[Items listed in a dataset]
____
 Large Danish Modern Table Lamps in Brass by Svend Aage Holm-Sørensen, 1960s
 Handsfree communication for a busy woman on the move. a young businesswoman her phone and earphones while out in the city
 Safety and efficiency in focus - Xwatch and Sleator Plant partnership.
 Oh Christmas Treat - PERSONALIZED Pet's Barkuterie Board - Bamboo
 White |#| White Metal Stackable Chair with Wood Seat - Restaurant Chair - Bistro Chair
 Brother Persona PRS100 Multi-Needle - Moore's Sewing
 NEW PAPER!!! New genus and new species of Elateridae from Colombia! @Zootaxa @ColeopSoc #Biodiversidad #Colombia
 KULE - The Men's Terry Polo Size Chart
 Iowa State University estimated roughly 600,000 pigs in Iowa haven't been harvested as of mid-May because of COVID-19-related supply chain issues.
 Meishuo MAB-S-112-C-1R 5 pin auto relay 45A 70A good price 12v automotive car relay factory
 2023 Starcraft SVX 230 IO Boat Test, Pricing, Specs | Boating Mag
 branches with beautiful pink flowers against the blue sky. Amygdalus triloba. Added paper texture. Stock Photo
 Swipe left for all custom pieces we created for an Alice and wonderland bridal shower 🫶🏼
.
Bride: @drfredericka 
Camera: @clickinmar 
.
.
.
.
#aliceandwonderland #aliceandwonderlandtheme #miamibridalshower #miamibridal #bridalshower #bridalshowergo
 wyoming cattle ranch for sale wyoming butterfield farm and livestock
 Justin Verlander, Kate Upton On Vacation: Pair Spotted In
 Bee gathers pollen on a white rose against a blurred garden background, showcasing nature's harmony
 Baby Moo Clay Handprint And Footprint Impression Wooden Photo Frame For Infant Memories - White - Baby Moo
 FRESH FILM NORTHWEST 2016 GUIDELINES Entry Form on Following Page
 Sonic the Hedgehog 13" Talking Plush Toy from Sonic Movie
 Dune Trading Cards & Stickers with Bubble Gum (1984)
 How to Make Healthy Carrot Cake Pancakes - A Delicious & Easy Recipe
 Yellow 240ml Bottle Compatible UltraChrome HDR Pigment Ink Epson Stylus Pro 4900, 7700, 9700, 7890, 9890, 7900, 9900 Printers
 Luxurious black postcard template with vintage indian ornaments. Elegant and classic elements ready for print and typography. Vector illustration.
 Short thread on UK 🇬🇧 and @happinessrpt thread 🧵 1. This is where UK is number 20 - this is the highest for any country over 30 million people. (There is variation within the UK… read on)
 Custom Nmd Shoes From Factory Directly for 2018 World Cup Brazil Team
____
=== WORK REQUEST ===
After reading the lines above, reproduce them all exactly.

=== YOUR RESPONSE ===
 Large Danish Modern Table Lamps in Brass by Svend Aage Holm-Sørensen, 1960s
 Handsfree communication for a busy woman on the move. a young businesswoman her phone and earphones while out in the city
 Safety and efficiency in focus - Xwatch and Sleator Plant partnership.
 Oh Christmas Treat - PERSONALIZED Pet's Barkuterie Board - Bamboo
 White |#| White Metal Stackable Chair with Wood Seat - Restaurant Chair - Bistro Chair
 Brother Persona PRS100 Multi-Needle - Moore's Sewing
 NEW PAPER!!! New genus and new species of Elateridae from Colombia! @Zootaxa @ColeopSoc #Biodiversidad #Colombia
 KULE - The Men's Terry Polo Size Chart
 Iowa State University estimated roughly 600,000 pigs in Iowa haven't been harvested as of mid-May because of COVID-19-related supply chain issues.
 Meishuo MAB-S-112-C-1R 5 pin auto relay 45A 70A good price 12v automotive car relay factory
 2023 Starcraft SVX 230 IO Boat Test, Pricing, Specs | Boating Mag
 branches with beautiful pink flowers against the blue sky. Amygdalus triloba. Added paper texture. Stock Photo
 Swipe left for all custom pieces we created for an Alice and wonderland bridal shower 🫶🏼
.
Bride: @drfredericka 
Camera: @clickinmar 
.
.
.
.
#aliceandwonderland #aliceandwonderlandtheme #miamibridalshower #miamibridal #bridalshower #bridalshowergo
 wyoming cattle ranch for sale wyoming butterfield farm and livestock
 Justin Verlander, Kate Upton On Vacation: Pair Spotted In
 Bee gathers pollen on a white rose against a blurred garden background, showcasing nature's harmony
 Baby Moo Clay Handprint And Footprint Impression Wooden Photo Frame For Infant Memories - White - Baby Moo
 FRESH FILM NORTHWEST 2016 GUIDELINES Entry Form on Following Page
 Sonic the Hedgehog 13" Talking Plush Toy from Sonic Movie
 Dune Trading Cards & Stickers with Bubble Gum (1984)
 How to Make Healthy Carrot Cake Pancakes - A Delicious & Easy Recipe
 Yellow 240ml Bottle Compatible UltraChrome HDR Pigment Ink Epson Stylus Pro 4900, 7700, 9700, 7890, 9890, 7900, 9900 Printers
 Luxurious black postcard template with vintage indian ornaments. Elegant and classic elements ready for print and typography. Vector illustration.
 Short thread on UK 🇬🇧 and @happinessrpt thread 🧵 1. This is where UK is number 20 - this is the highest for any country over 30 million people. (There is variation within the UK… read on)
 Custom Nmd Shoes From Factory Directly for 2018 World Cup Brazil Team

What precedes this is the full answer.